**KFIB**

Prerequisites : Prefix Sums.

A naive brute force of this algorithm would be O(N*K) because calculating each term will take K calculations. To calculate the ith we will have to add a[i-k], a[i-k+1] …a[i-2], a[i-1] terms. So if we use a prefix sum, then we can do this computation in O(1). a[i-k] + a[i-k+1] …a[i-2] + a[i-1] = prefix[i-1] - prefix[i-k-1].

```
a[0] = 0;
for(i from 1 to k)
pref[i] = 1 + pref[i-1];
for(i from k+1 to n){
pref[i] = (pref[i-1] + (pref[i-1] - pref[i-k-1]))%mod;
}
print (pref[i] - pref[i-1])%mod
```

This reduces the complexity to O(n) and is fast enough to get full points!

**BRKTREE**

Prerequisites: DFS, Tree

When we remove an edge, the tree breaks into two parts with sum W_{1} and W_{2}. Also W_1 + W_2 = W(the original tree).

If we know the sum of all nodes in one tree, then we can also find the other one in O(1)

Whenever, we remove an edge, one of the complete subtree gets removes. So if we know the sum of all subtrees(which we can calculate using a DFS in O(n)), then we can easily find the answer in O(N) by iterating through all the subtrees and checking if the answer matches for each query.

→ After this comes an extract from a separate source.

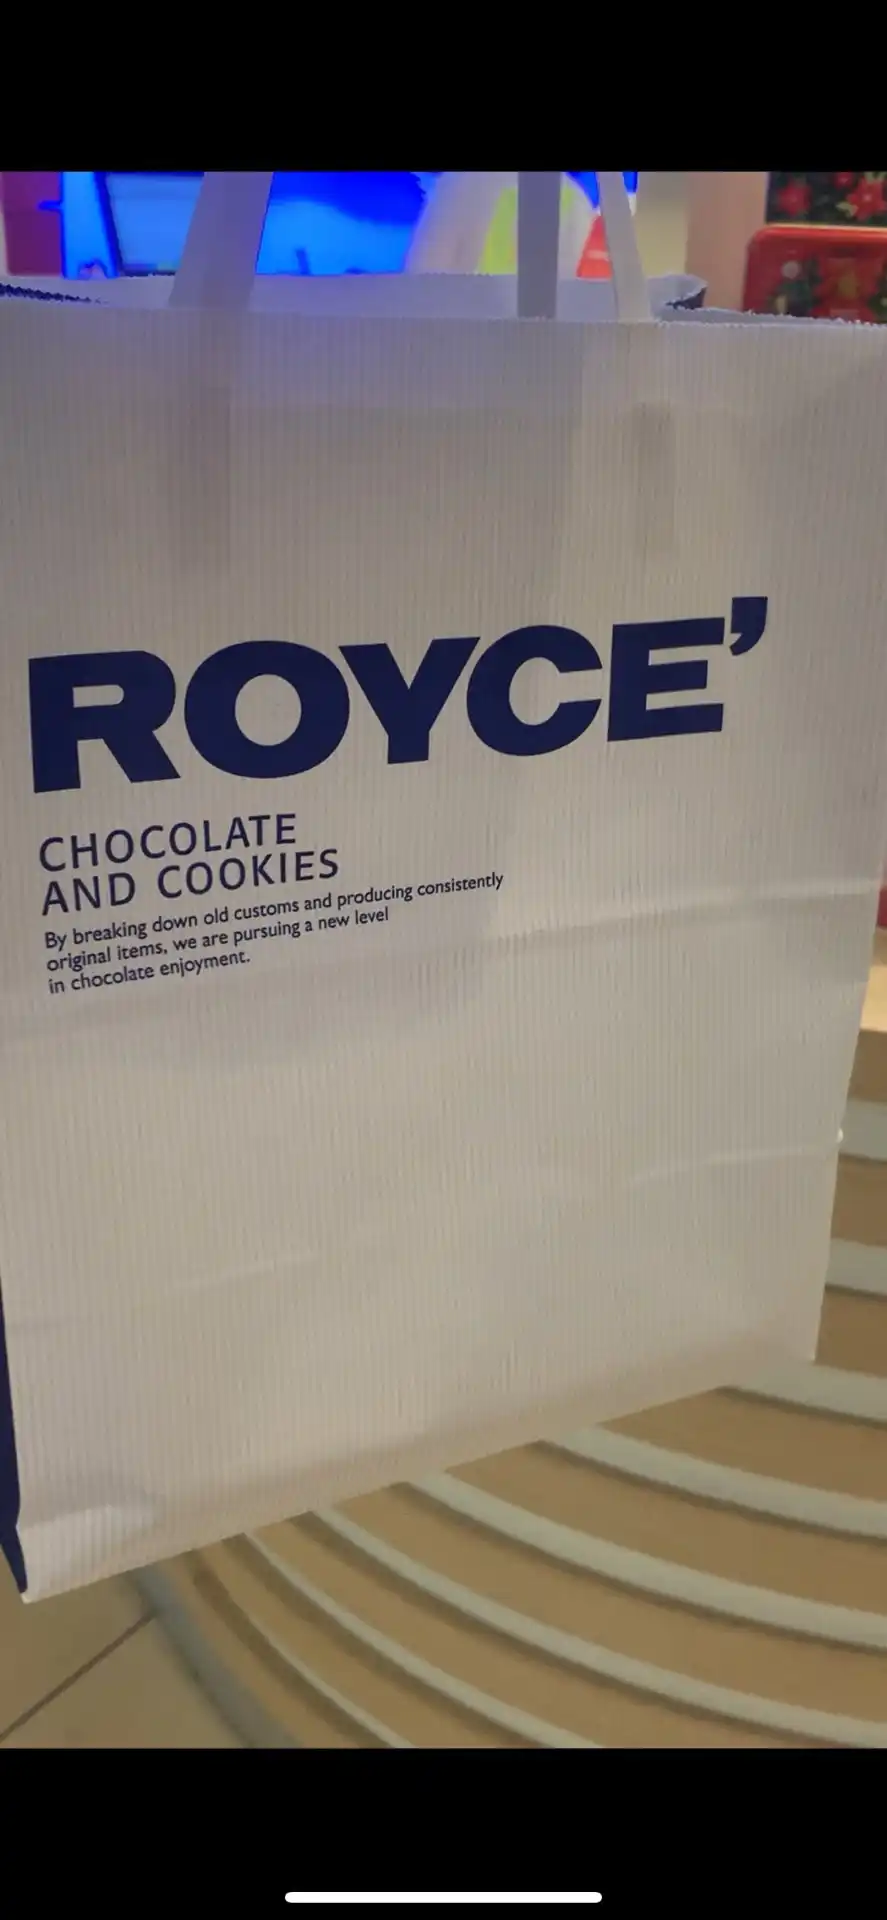 Royce’ Chocolate Malaysia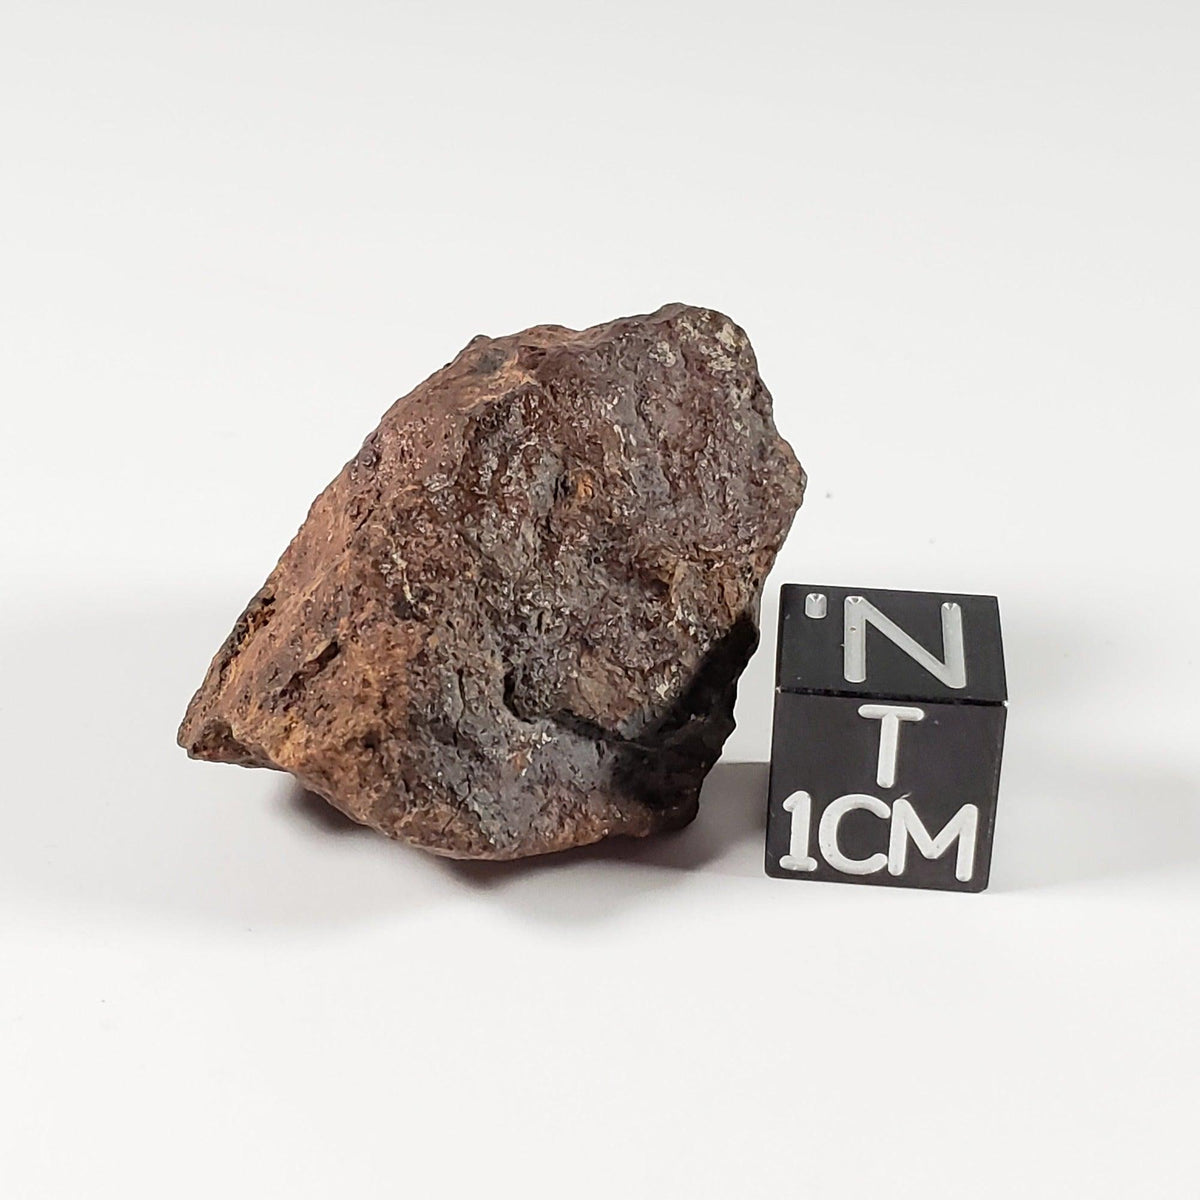 Gold Basin Meteorite | 21.43 Grams | Individual | L4 Chondrite | Arizona | Canagem.com

Since, all queries are independent we can calculate all the possible difference and store it in a set. Then whenever we get a query we can just check whether the value exists in the set.

*We are very sorry for the fault in the second subtask*

**LNGHW**

Each element has a specific remainder when divided by M. Lets make an 2d array, vector b[M].

Then we can push all the elements to their specific array depending on their remainder. After that sort all the arrays depending on its a[i] value. Then we can easily answer the queries.

```
for(i from 0 to n-1){
int inp; read inp
b[inp%M].push_back(make_pair(inp, i));
}
for(i from 0 to M-1){
sort(b[i].begin(), b[i].end());
}
for(q--){
int i, R; read i and R
if(i <= b[R].size()) print( b[R][i-1].second + 1)
else print (-1)
}
```

**PIZPAR**

The problem can be solved using a greedy approach. By induction we can prove that for a single pizza, if we make n cuts in it, the maximum number of slices we get is `(n*n + n + 2)/2.`

Now with this formula we can prove that it’s always optimal to make the maximum possible number of cuts on a single pizza, rather than dividing the total cuts among the pizzas.

Let’s suppose we have a total of x+y cuts. Now, if we divide the cuts (ie. make cuts in two separate pizzas) the total slices we get is `(x*x + x + 2)/2 + (y*y + y + 2)/2`

. Where as if we make the x+y cuts on a single pizza, we get `(x*x + y*y + x + y + 2*x*y)/2`

slices.

We can clearly notice that the latter provides more slices. This means that it is always more optimal to make as many cuts as possible in one of the pizzas. This gives us our greedy solution.